In suburban or rural areas, like Beaufort County, South Carolina, driving might be a fact of life. Try being creative about how you design parking so it can become an extra unit in the future, if factors like demand or public transit change.

5. Allow missing middle housing everywhere (if possible).

Is more than 20 percent of your land area zoned exclusively for single-family housing? Then you need to change the boundaries limiting missing middle housing to deliver it effectively and equitably. In Portland, Oregon, planners proposed allowing middle housing types in all districts across the city unless there is a physical limitation, like flooding or landslide hazards.
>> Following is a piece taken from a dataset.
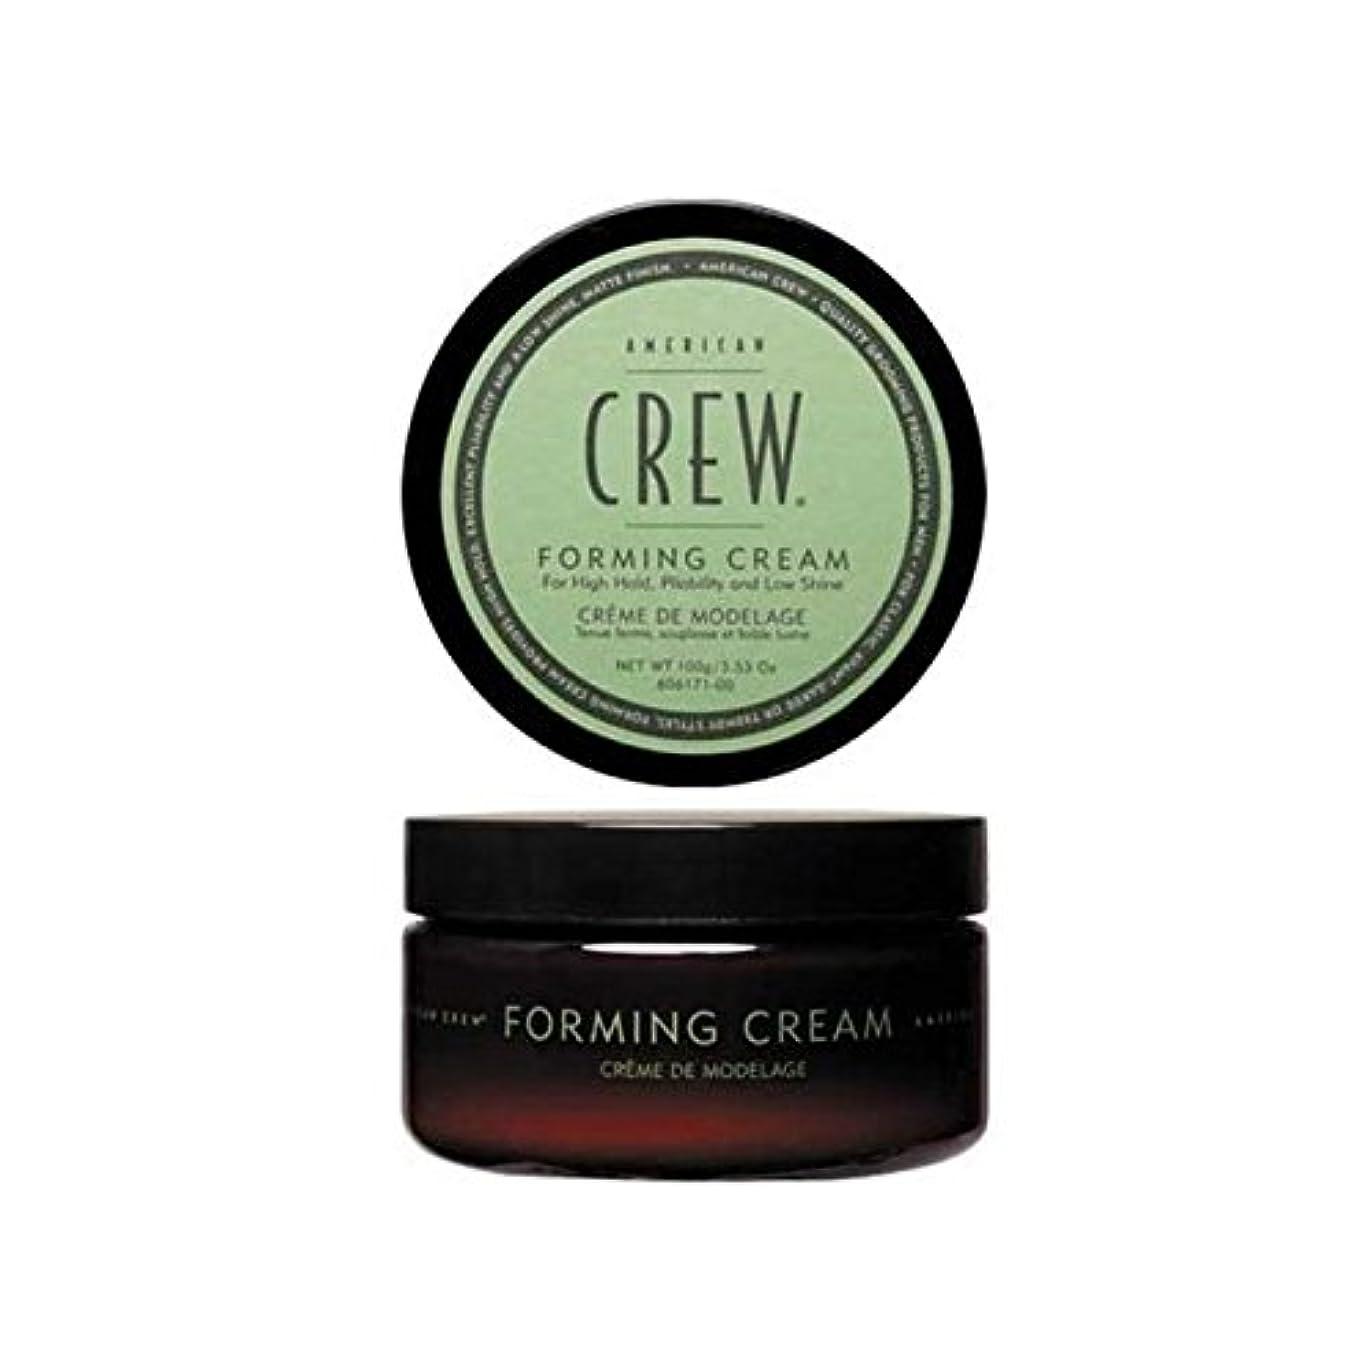 コーンウォール司教アリスアメリカの乗組員形成クリーム(85グラム) x2 - American Crew Forming Cream (85G) (Pack of 2) [並行輸入品]

In response to displacement concerns, Zehnder says, "the more places where we allow this to happen, the less it's going to overwhelm any individual place." And development won't happen all at once: Portland planners estimate an add of 4,000 new units over the next 15 years. But if a single house in a wealthy neighborhood is replaced with three units, that alone can help take the pressure off demolitions in an area with lower incomes, Zehnder says.

Bonus tip

Frame the conversation. When you're presenting your ideas to the community, especially those resistant to change, it can be helpful to avoid terms that might have negative connotations to some, like "density," "multifamily," or "upzoning." Present zoning changes as a way to offer new housing choices or options. Focus on form and scale, not density metrics. Imagery can help community members understand how missing middle types could look in their neighborhoods, too — check out missingmiddlehousing.com for resources.

Kati Woock is a freelance editor and writer based in Michigan. This was adapted from a 2019 National Planning Conference session by Daniel Parolek, principal and CEO of Opticos Design.